Protein found in humans

Lamina-associated polypeptide 2 (LAP2), isoforms beta/gamma is a protein that in humans is encoded by the TMPO gene. LAP2 is an inner nuclear membrane (INM) protein.

Thymopoietin is a protein involved in the induction of CD90 in the thymus. The thymopoetin (TMPO) gene encodes three alternatively spliced mRNAs encoding proteins of 75 kDa (alpha), 51 kDa (beta) and 39 kDa (gamma) which are ubiquitously expressed in all cells. The human TMPO gene maps to chromosome band 12q22 and consists of eight exons. TMPO alpha is present diffusely expressed with the cell nucleus while TMPO beta and gamma are localized to the nuclear membrane.

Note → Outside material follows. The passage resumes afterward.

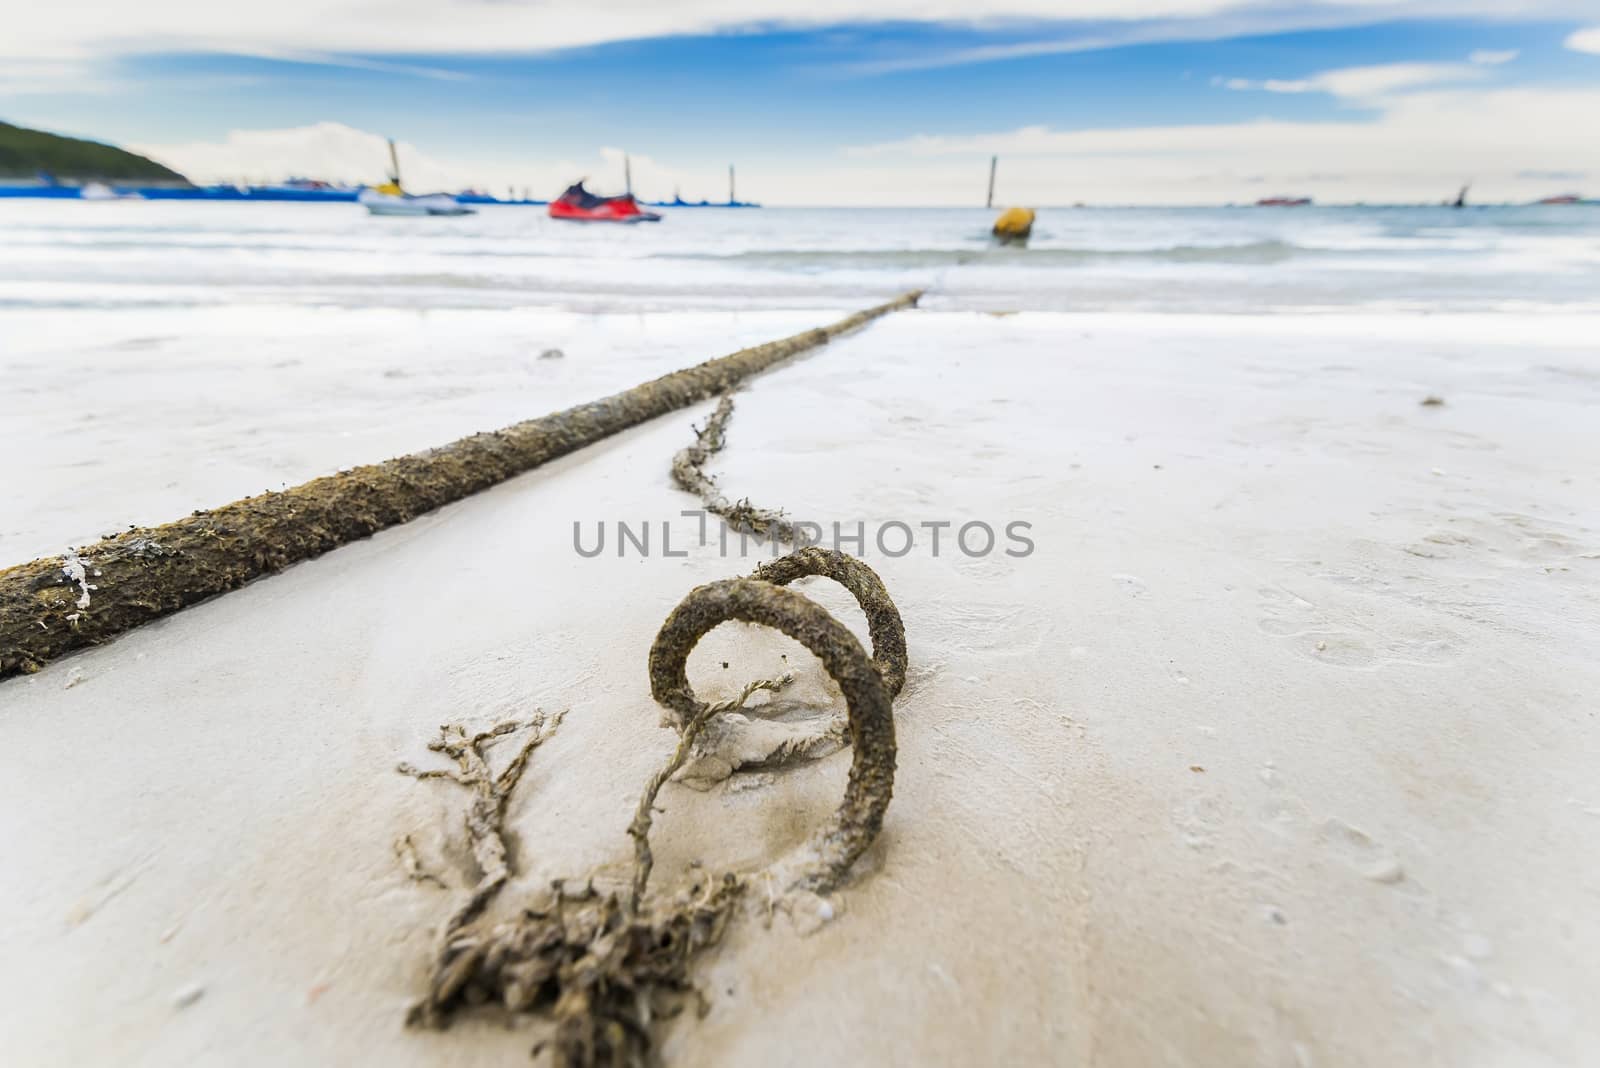 Broken marine rope and sea in background

TMPO beta is a human homolog of the murine protein LAP2. LAP2 plays a role in the regulation of nuclear architecture by binding lamin B1 and chromosomes. This interaction is regulated by phosphorylation during mitosis. Given the nuclear localization of the three TMPO isoforms, it is unlikely that these proteins play any role in CD90 induction.

== Interactions ==

Thymopoietin has been shown to interact with Barrier to autointegration factor 1, AKAP8L, LMNB1 and LMNA.